» WHAT YOU WILL DO
In the records that follow, find the line containing "Managing relationships (with" and the line containing "A purple urn", then transcribe both and every line between them exactly, omitting pictures.

» SOURCE RECORDS
━━━━━━━━━━━━━━━━━━━━━━━━━━━━━━

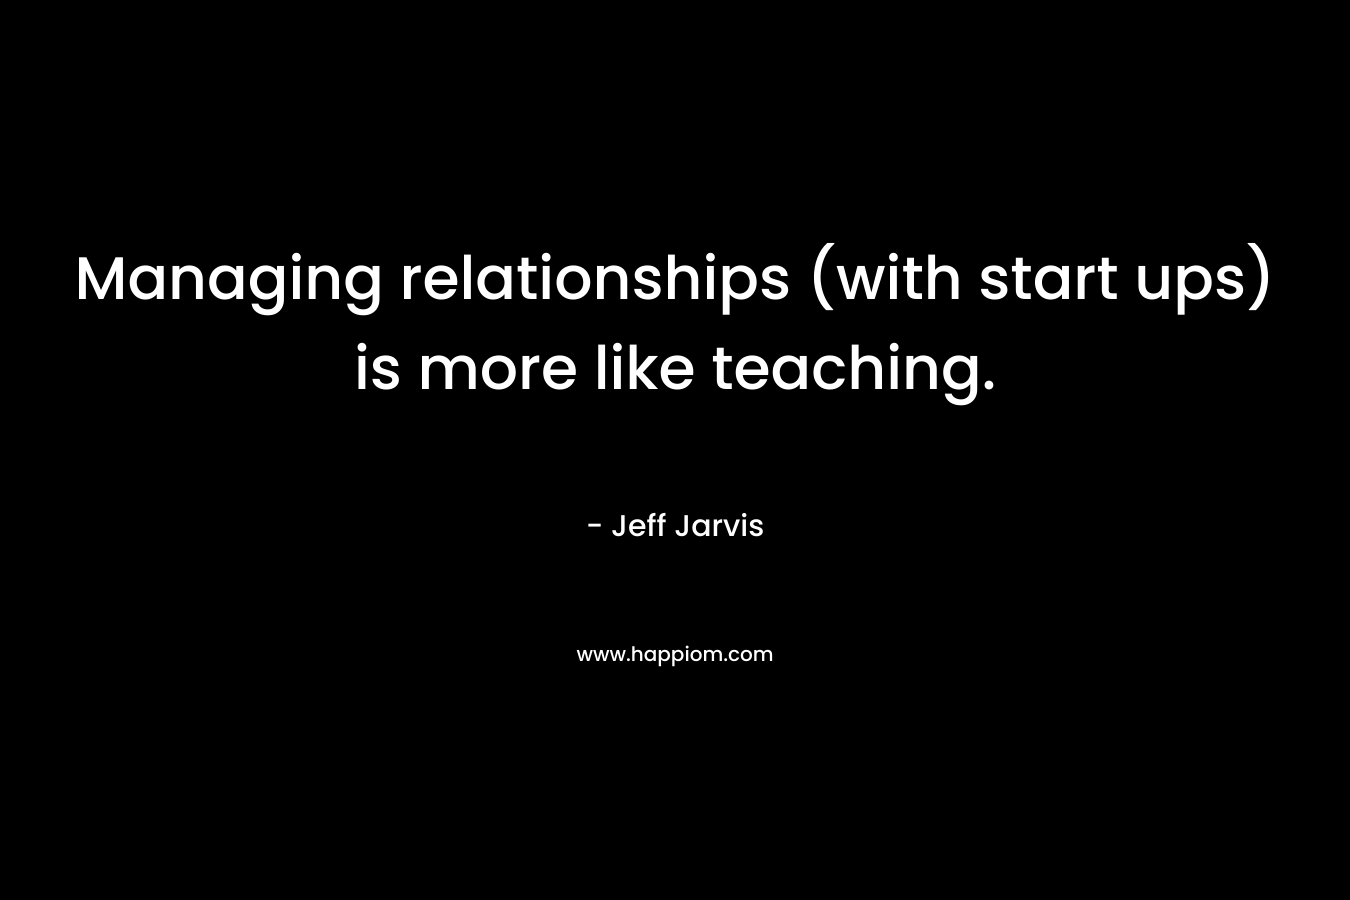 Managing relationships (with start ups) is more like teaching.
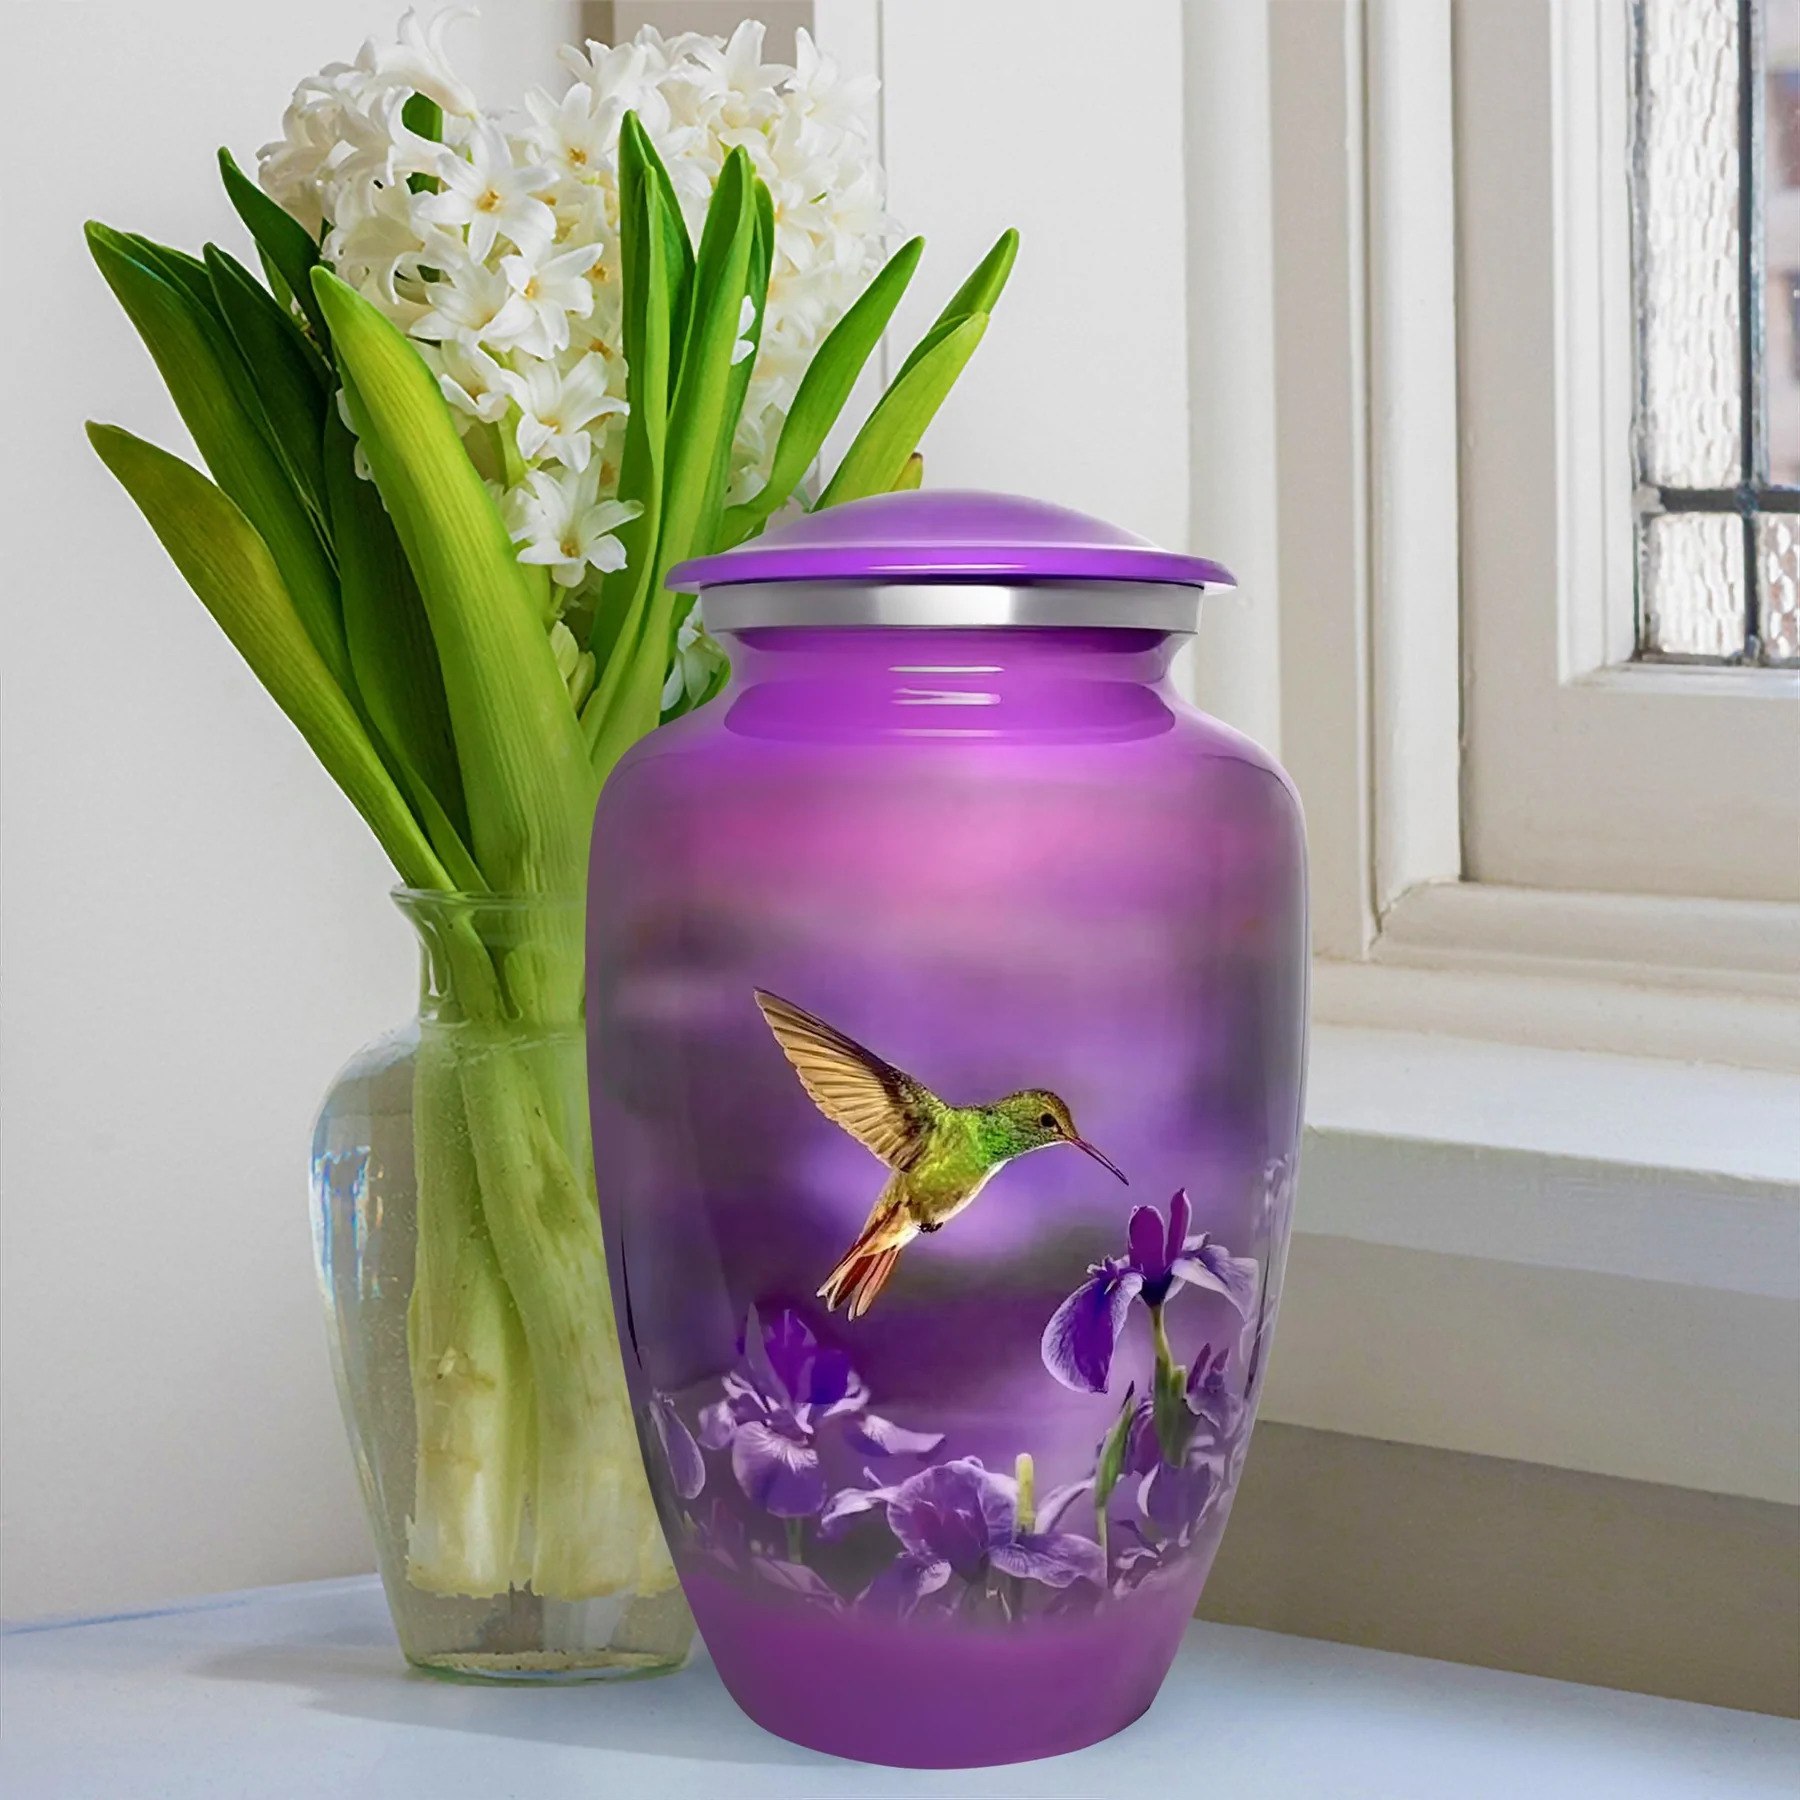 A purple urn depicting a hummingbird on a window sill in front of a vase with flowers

━━━━━━━━━━━━━━━━━━━━━━━━━━━━━━

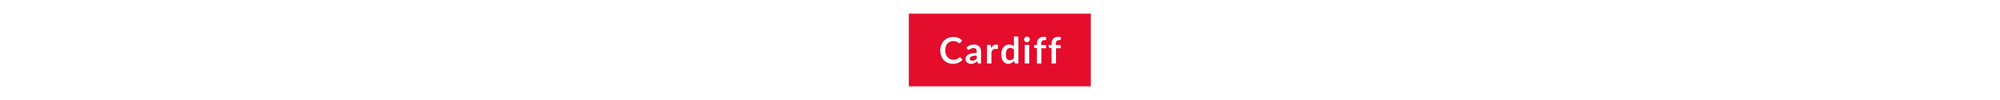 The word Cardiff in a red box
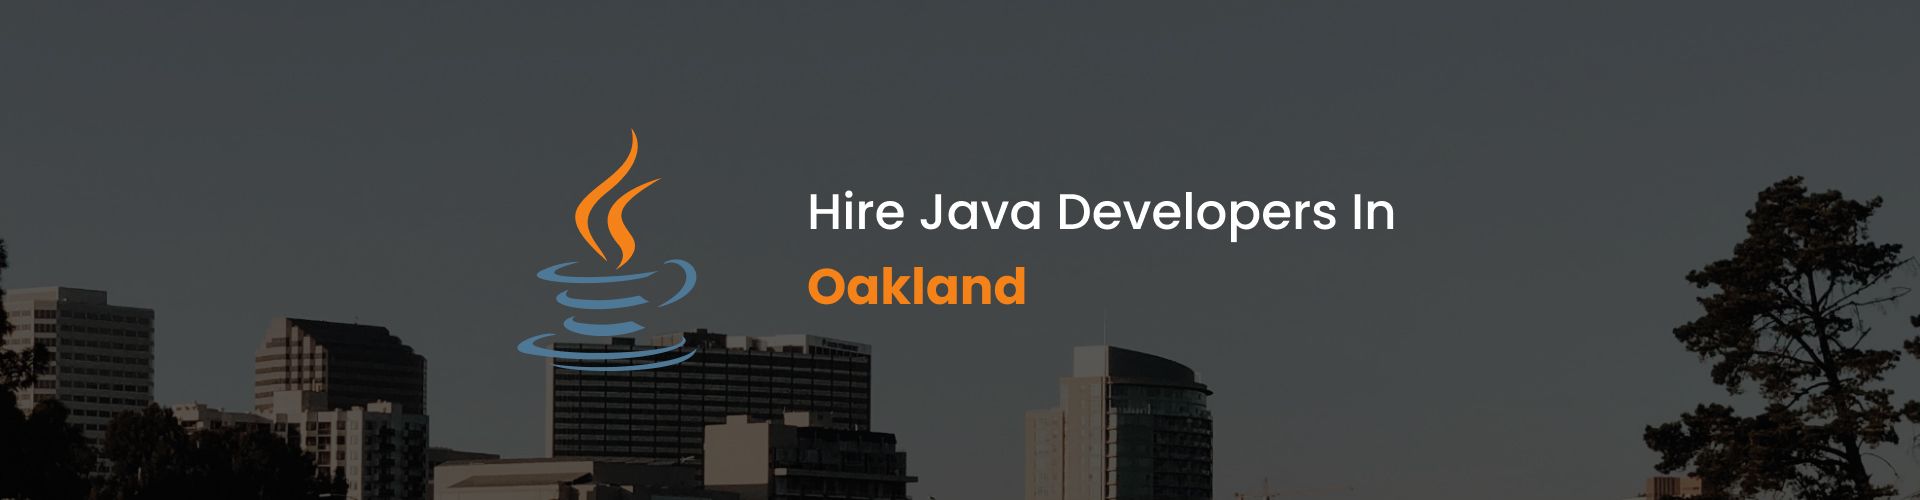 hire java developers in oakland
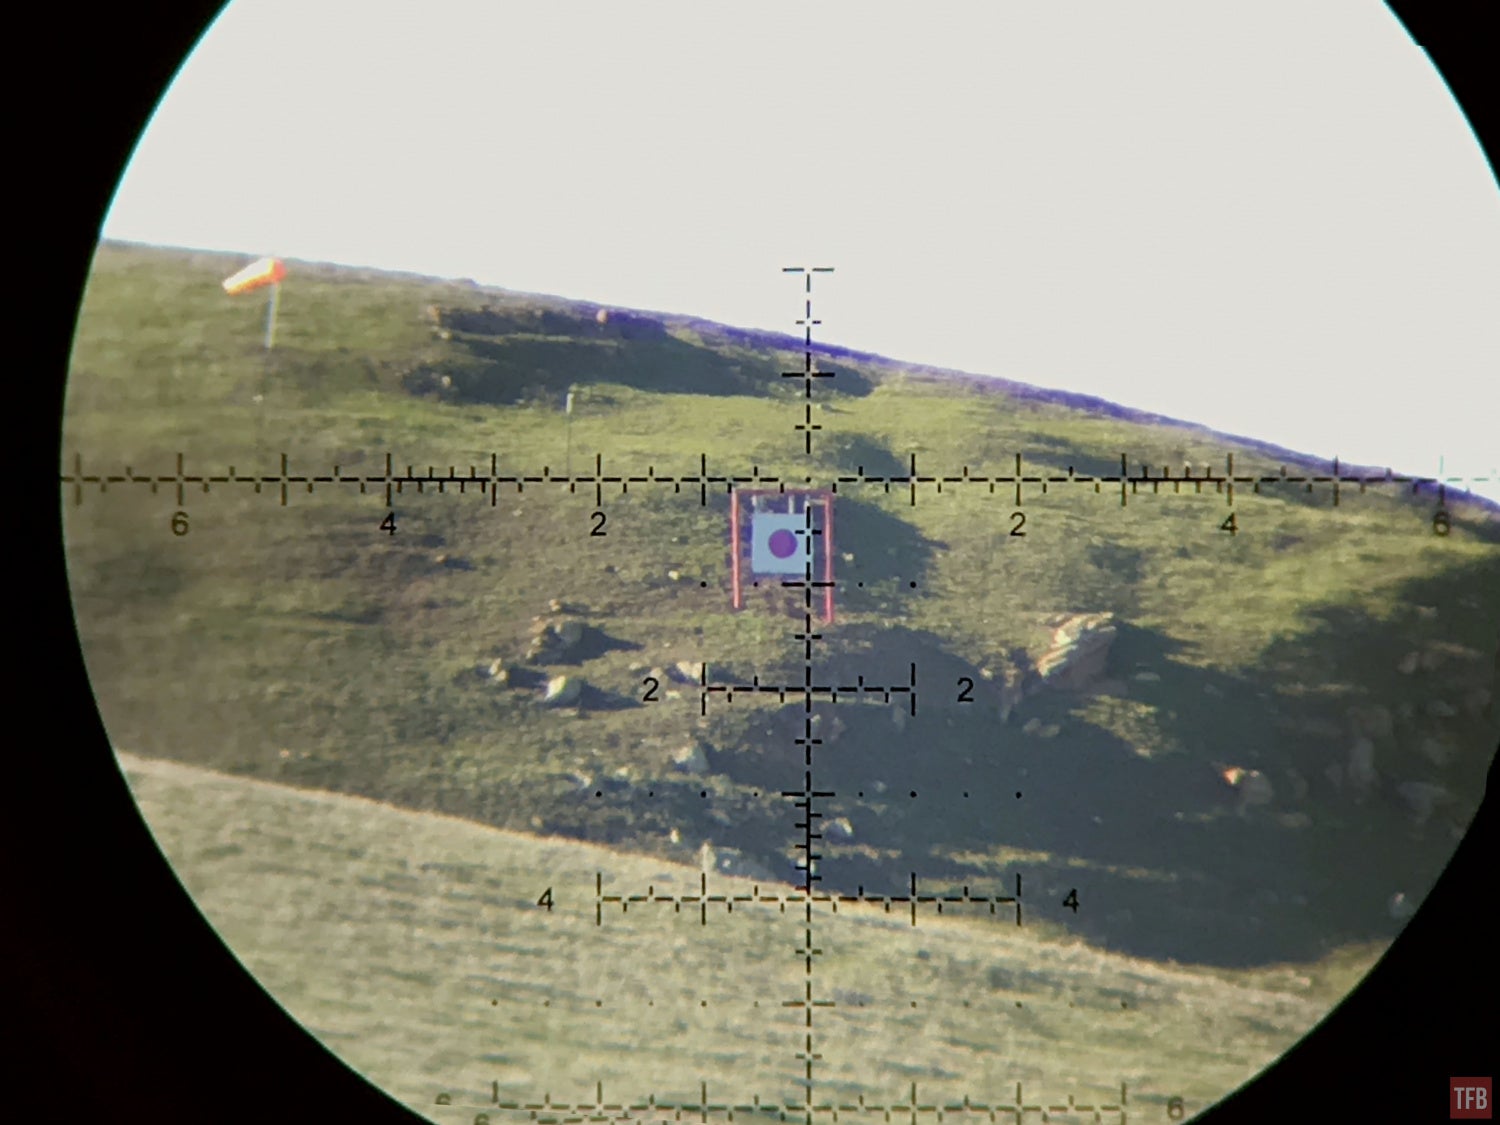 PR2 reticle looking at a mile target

━━━━━━━━━━━━━━━━━━━━━━━━━━━━━━

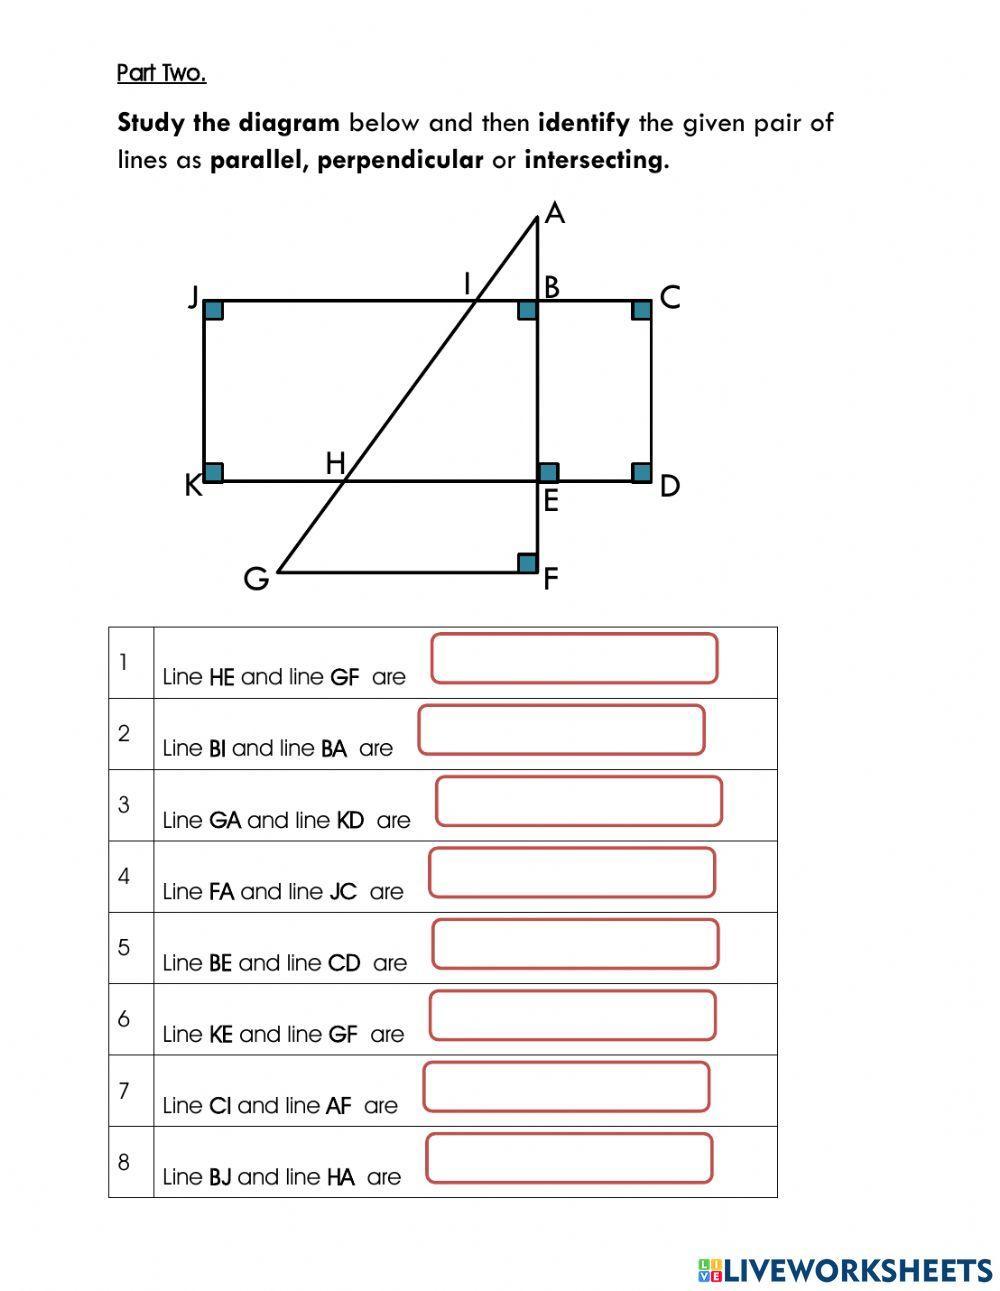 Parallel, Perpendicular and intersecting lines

━━━━━━━━━━━━━━━━━━━━━━━━━━━━━━

» OUTPUT
 Managing relationships (with start ups) is more like teaching.
 A purple urn depicting a hummingbird on a window sill in front of a vase with flowers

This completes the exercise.